I don't think it is as cut and dried as you think. Even you support the Main Street line and the western portions of the expanded light rail, as well as some commuter rail lines. Presumably this is because they are receiving federal funding, but then so do highways. As Christof has shown rail often gets the short end of the stick when it comes to funding.

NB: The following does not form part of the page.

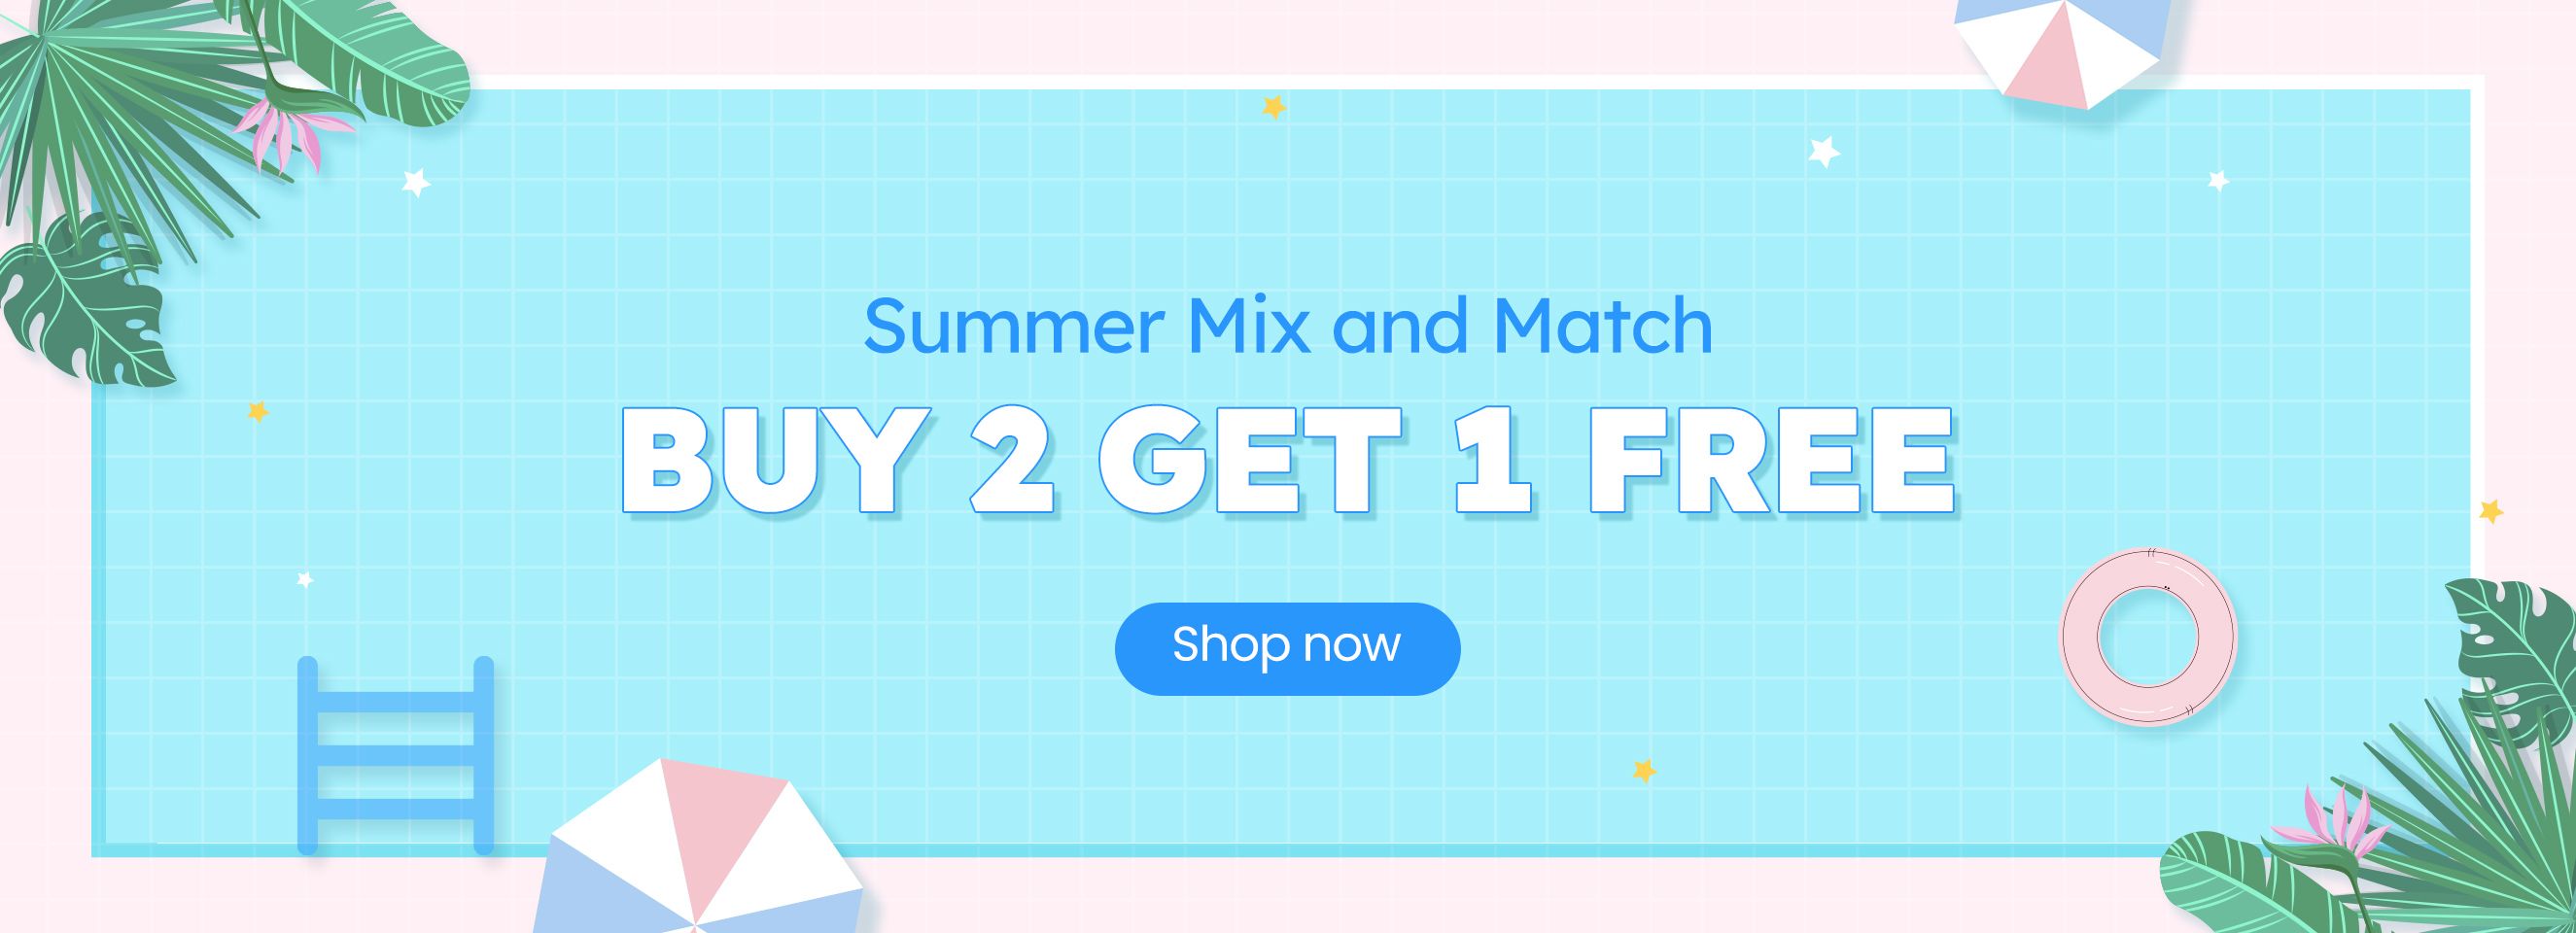 Click it to join BUY 2 GET 1 FREE activity
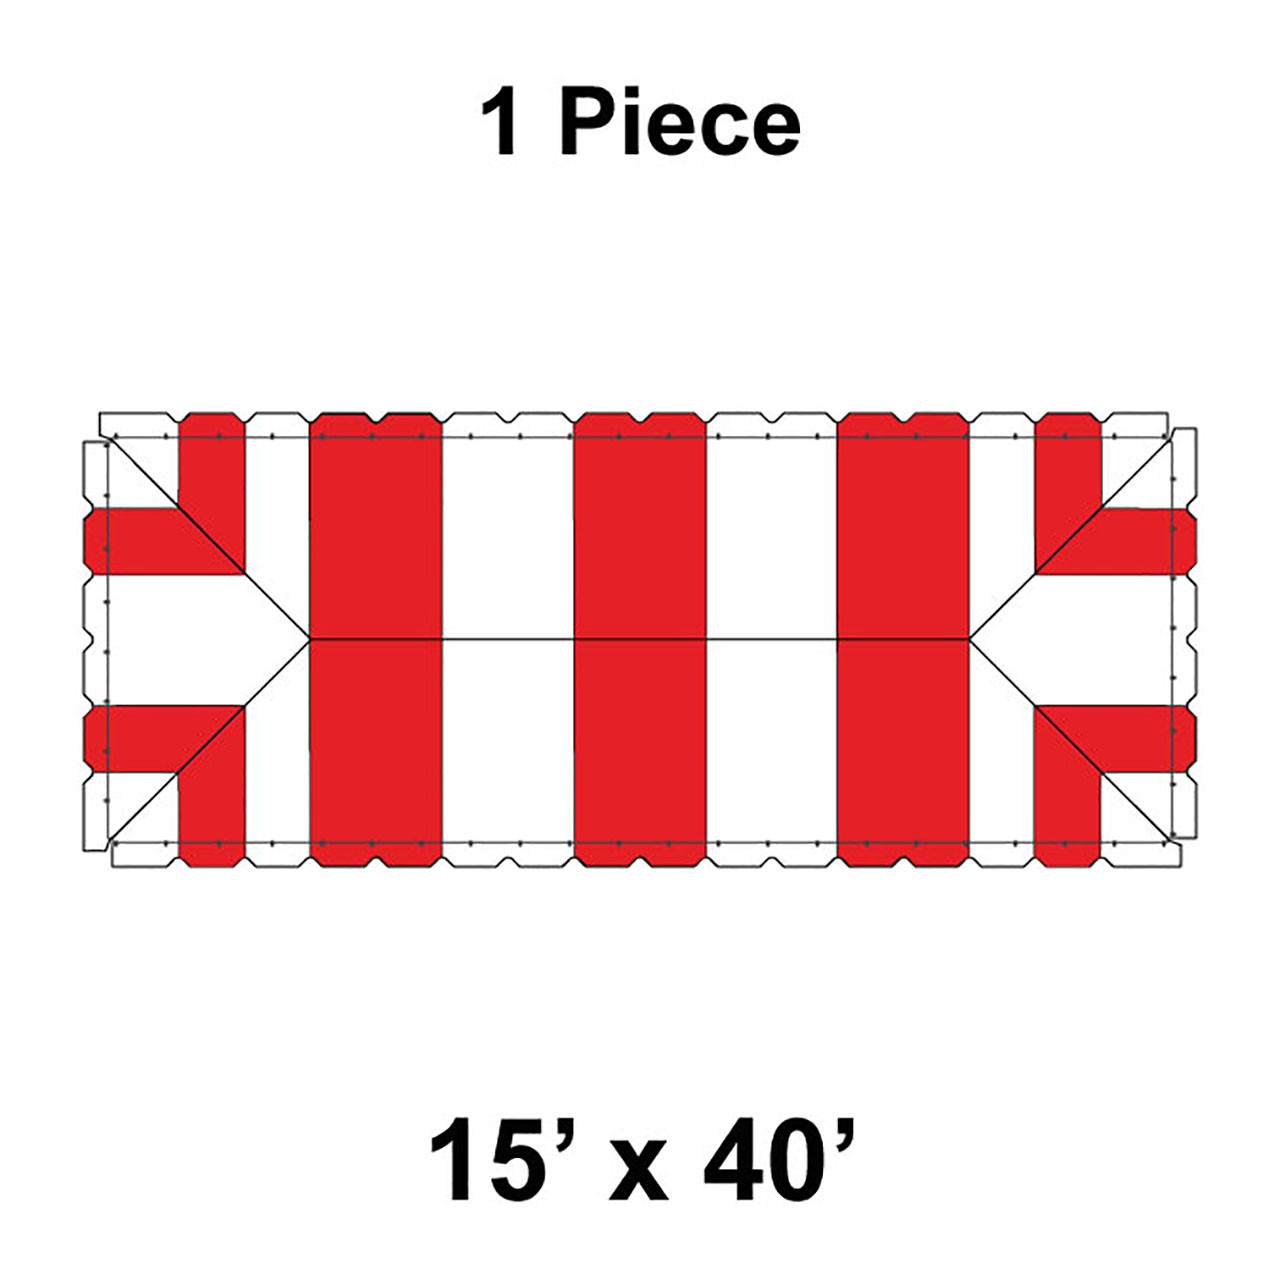 15' x 40' Classic Frame Tent, 1 Piece, 16 oz. Ratchet Top, White and Red

I don't think that saying we are going to put down some railroad track and run a train on it sounds like an exceptional extravagance or something that a priori we should know is the wrong solution to adding transportation capacity. Rather, it sounds like a perfectly reasonable thing to do - using existing technologies at a much more minimal expense than some other solutions like subway or elevated rail - this is your "low cost" option to people like me. To the extent that an at-grade rail system does cost more than building an additional lane of roadway capacity, I wonder how much of that cost is due to the bureaucratic mess and red tape that we require of each rail project. How many times to we have to fly all of our local elected officials / Metro to DC to get funding for a line? How many studies do we have to complete? How many alternate routes need to be evaluated? Why is none of this required for most roadway expansion projects? And then at the end of the day, if you do not have rail, how much cost are you shifting to your end users, who must purchase and maintain cars? How much of the cost are you shifting onto the environment? Are you really saving anyone any money at the end of the day? I don't think so.
I don't think more rail is an optional thing for a city the size and density of Houston - a "medium capacity" transit option like light rail is a requirement. Subway, at this point, may be an optional investment.
What about LRT vs. BRT?
I think BRT is a reasonable investment as well. That seems to be what metro is trying to provide with the Quickline service. As we have seen, getting one of those lines running is not trivial either.
However, a nice BRT line with its own ROW, decent stops, and vehicles seems like it costs on par with an LRT line (maybe less cap ex but higher op ex), and people still prefer the experience of LRT. The Quickline may be much cheaper, but it is not going to provide the level of service that Houston's LRT does. Still - what Metro is doing makes sense to me - add the BRT in places that they see as future LRT corridors like Bellaire, Westheimer, Gessner, etc, and see if the ridership justifies investment in conversion to LRT.
I seem to agree more with Michael here. Tory how well do you think our LRT system will be perfoming, oh say, 3 years after its opening (assuming it all opens at once like planned)?
It seems in Houston's case, our LRT serves both the inner loop and outside of the loop (through park&ride) pretty well if I am interpreting the map of our future system by Christof correctly.
Our current LRT line is performing very well relative to other LRT lines in the country - although it is still hard to justify the cost-benefit on a pure transportation basis (vs. the buses already on that route, or vs. BRT). I don't think the new lines will do nearly as well. The Universities line will probably do the best, and still will likely be far less used than the Main line. They will have riders - the problem will be if you look at the full cost for each of those riders vs. what you would have paid to move them by bus.